The mycological properties and antibiotic activity of strain No. B5477, isolated from a soil sample collected in Nishinomiya, Hyogo Prefecture, were investigated. This strain forms spiral sporophores, spiny spores, and gray aerial mycelium. The culture is non-chromogenic. Strain No. B5477 was compared with known species and identified as a strain of Streptomyces fungicidicus Okami et al. 1954¹⁾. During the course of selecting a strain with high potency, a yellow mutant with yellowish aerial mycelium was obtained and its properties were investigated.

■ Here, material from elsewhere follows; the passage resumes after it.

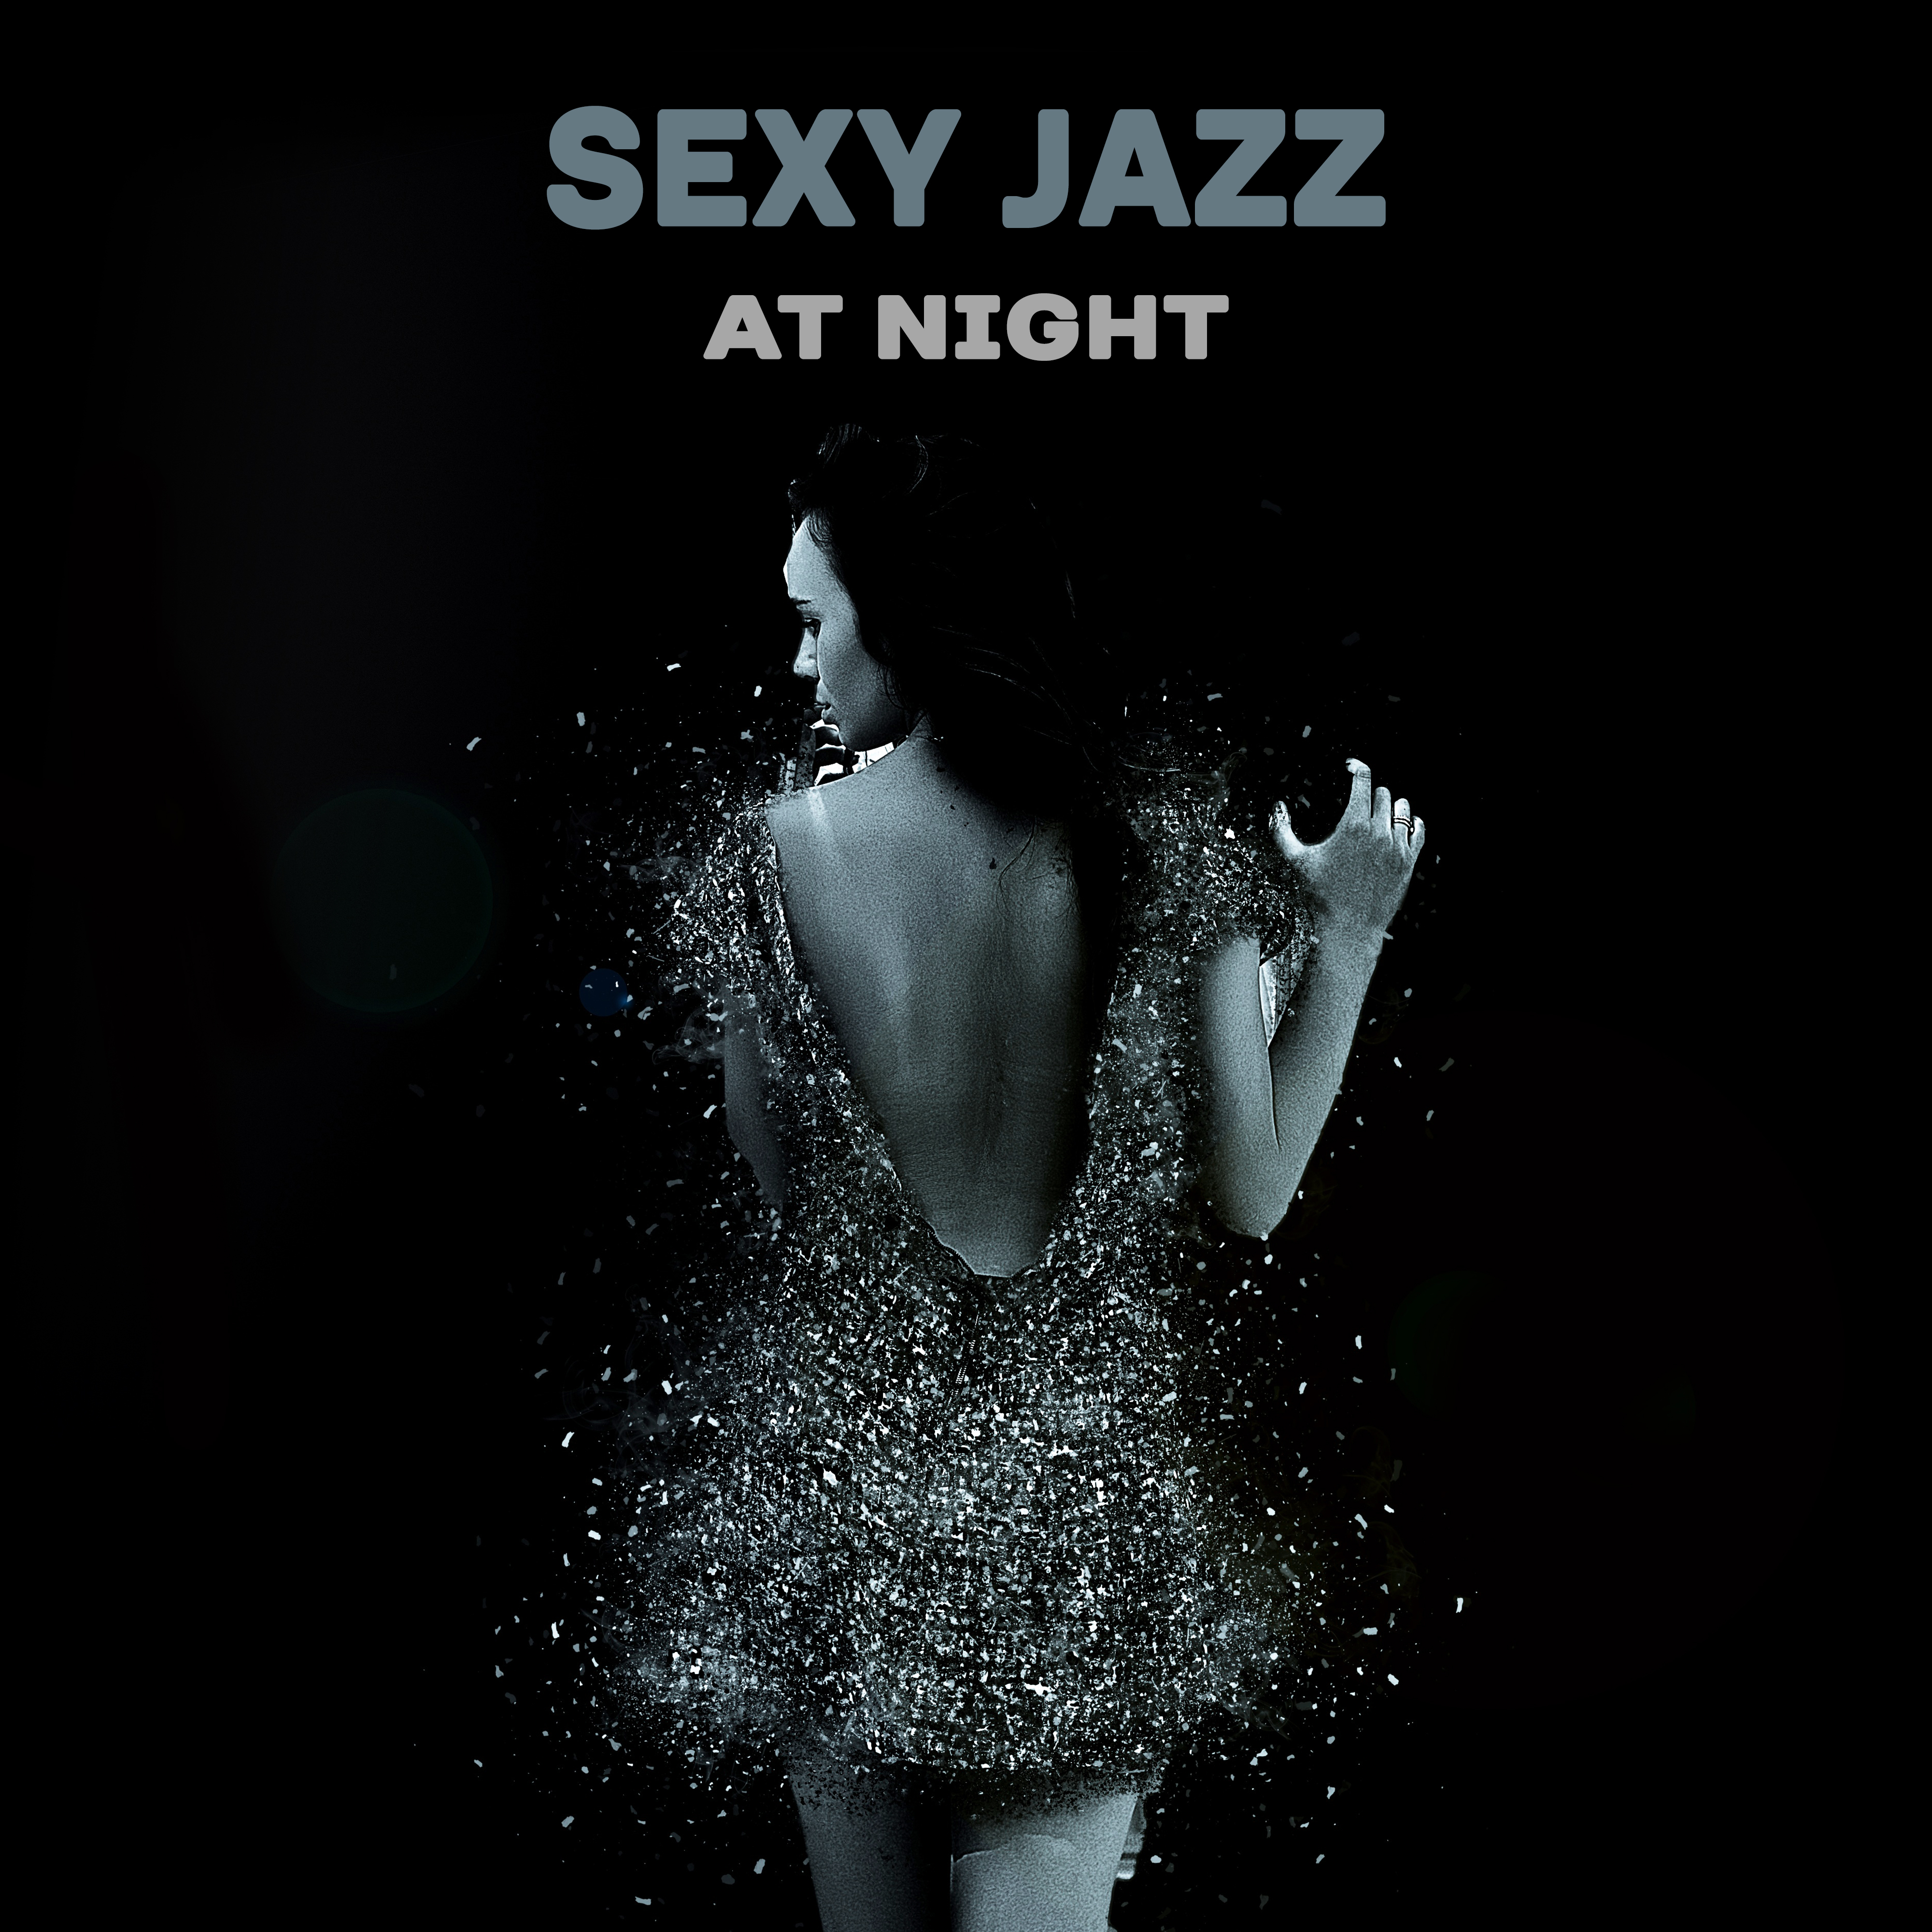 Sexy Jazz at Night  Sensual Music for Lovers, Erotic Lounge, Deep Massage, Tantric Sex, Romantic Night, Gentle Piano, Smooth Jazz

Streptomyces fungicidicus No. B 5477 produces a new antibiotic, enduracidin, with a strong antibiotic activity against Gram-positive bacteria. Acid-fast bacteria and phytopathogenic bacteria are also inhibited. Enduracidin shows no cross resistance with the known antibiotics examined. It is more active in a basic medium and therefore is a basic antibiotic. The antibiotic activity of enduracidin was not affected by horse serum in the assay medium. Its diffusibility was less than that of the other antibiotics examined. The antibiotic activity of enduracidin was assayed by the paper disc method using Sarcina variabilis IFO 3067 as the test organism. Enduracidin was produced mainly in the mycelium. The fermentation conditions for production of the antibiotic were investigated.

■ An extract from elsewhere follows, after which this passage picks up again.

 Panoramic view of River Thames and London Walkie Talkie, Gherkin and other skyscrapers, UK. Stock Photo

ENDURACIDIN, A NEW ANTIBIOTIC. II

Enduracidin is a basic compound with ultraviolet absorption maxima at 230 and 263mμ in 90% methanol and is a colorless crystalline powder de composing at 225-240°C. It is positive to DRAGENDORFF, ninhydrin, BIURET and BARTON'S¹⁾ reagents but negative to Molisch reagent. Hydrolysis of en duracidin with 6n HC1 yields, aspartic acid, threonine (and/or allo-threonine), serine, glycine, alanine, ornithine, citrulline, α-amino-4-hydroxyphenylacetic acid, α-amino-3, 5-dichloro-4-hydroxyphenylacetic acid and two unidentified basic amino acids.

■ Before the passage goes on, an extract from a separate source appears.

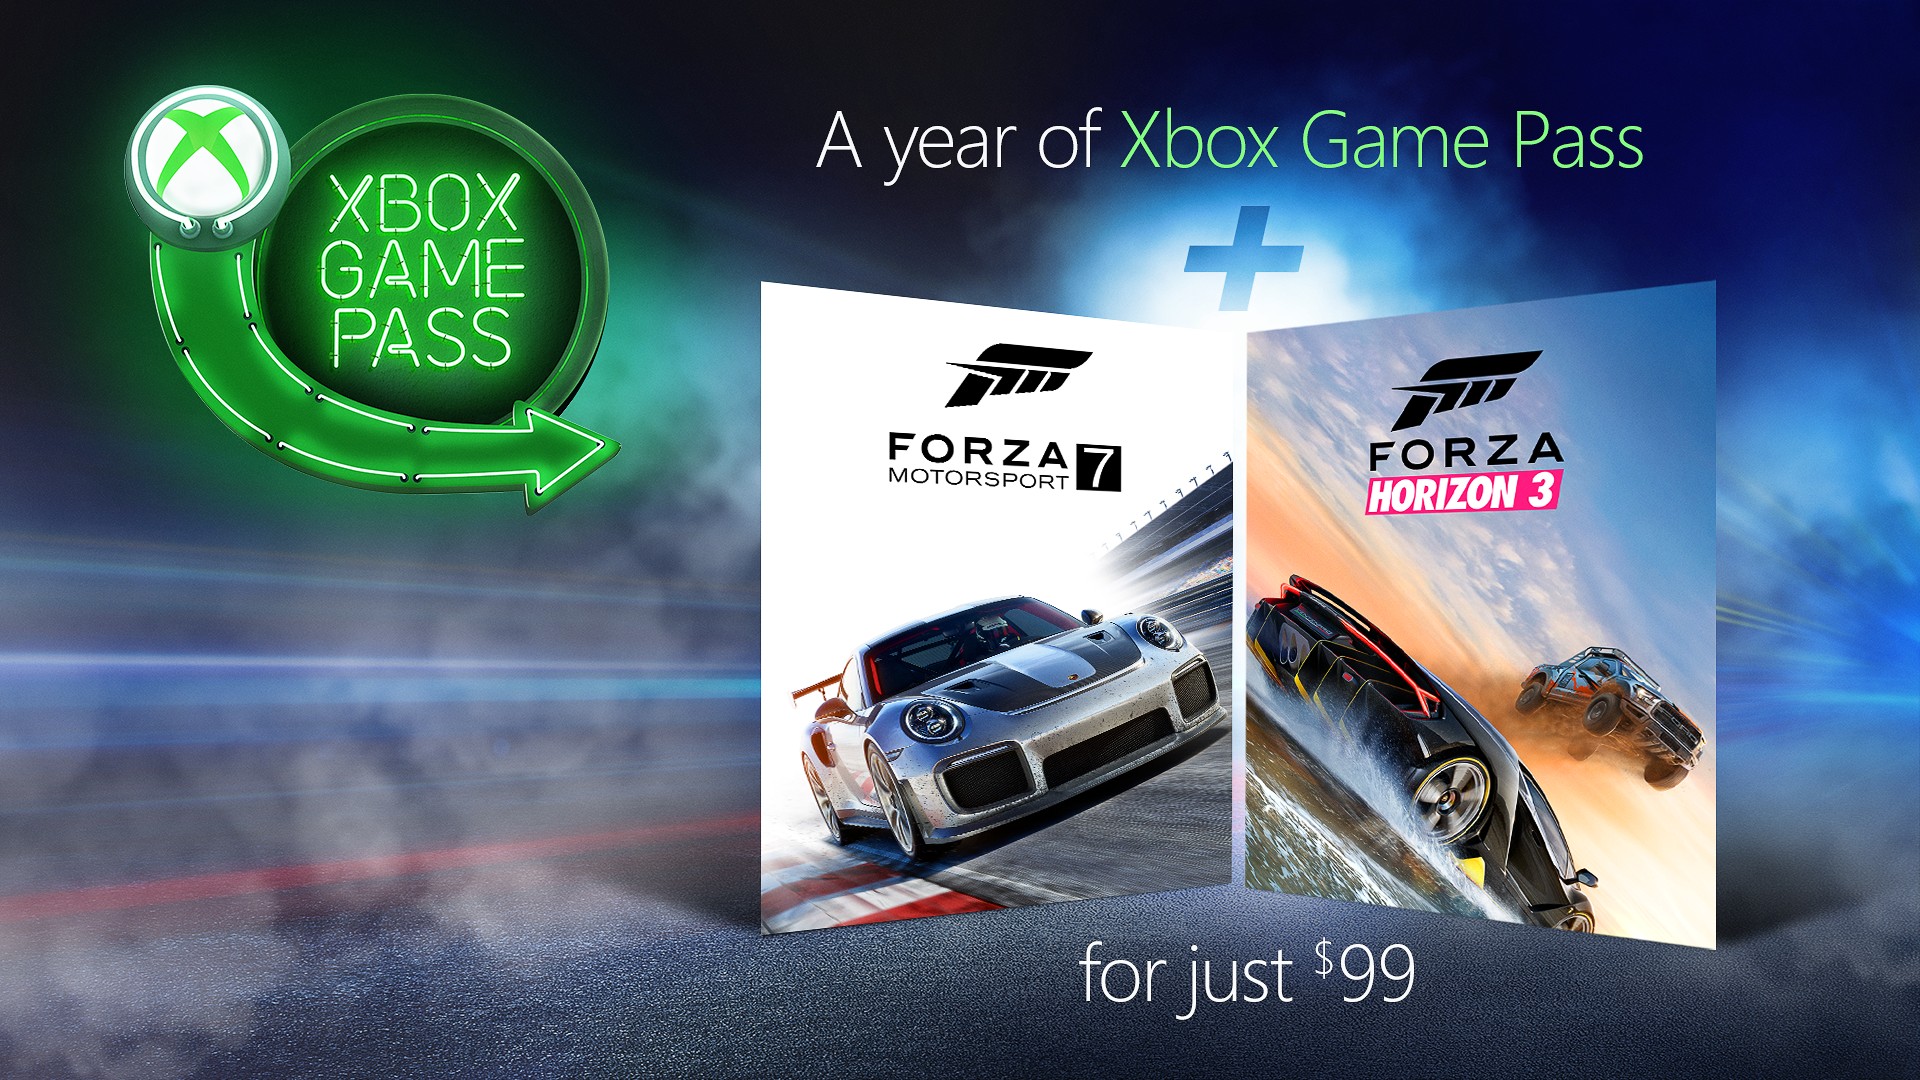 Forza Horizon 5 Available Now with Xbox Game Pass - Xbox Wire

ENDURACIDIN, A NEW ANTIBIOTIC. III

Enduracidin showed antibacterial activity in vitro against Gram-positive bacteria and N. GONORRHOEAE, but not against Gram-negative bacteria. The antibacterial activity of enduracidin was not greatly influenced by the pH of the test medium. Enduracidin was more stable at pH 4 and 7 than at pH 9. This antibiotic demonstrated bactericidal as well as bacteriostatic activity in vitro at a similar concentration against Staph. aureus. The development of resistance to enduracidin was slow and no cross resistance was observed between enduracidin and other known antibiotics. Enduracidin was effective against experimental infections produced in mice by strains of Staph. aureus, Sterept. Pyogenes and D. pneumoniae type I. Enduracidin was most effective against streptococcal infection. This antibiotic was effective by the subcutaneous, intraperitoneal and intravenous routes, but not orally. A single intramuscular dose of 2 mg/kg of enduracidin in the rabbit produced significant plasma levels extending even to 24 hours.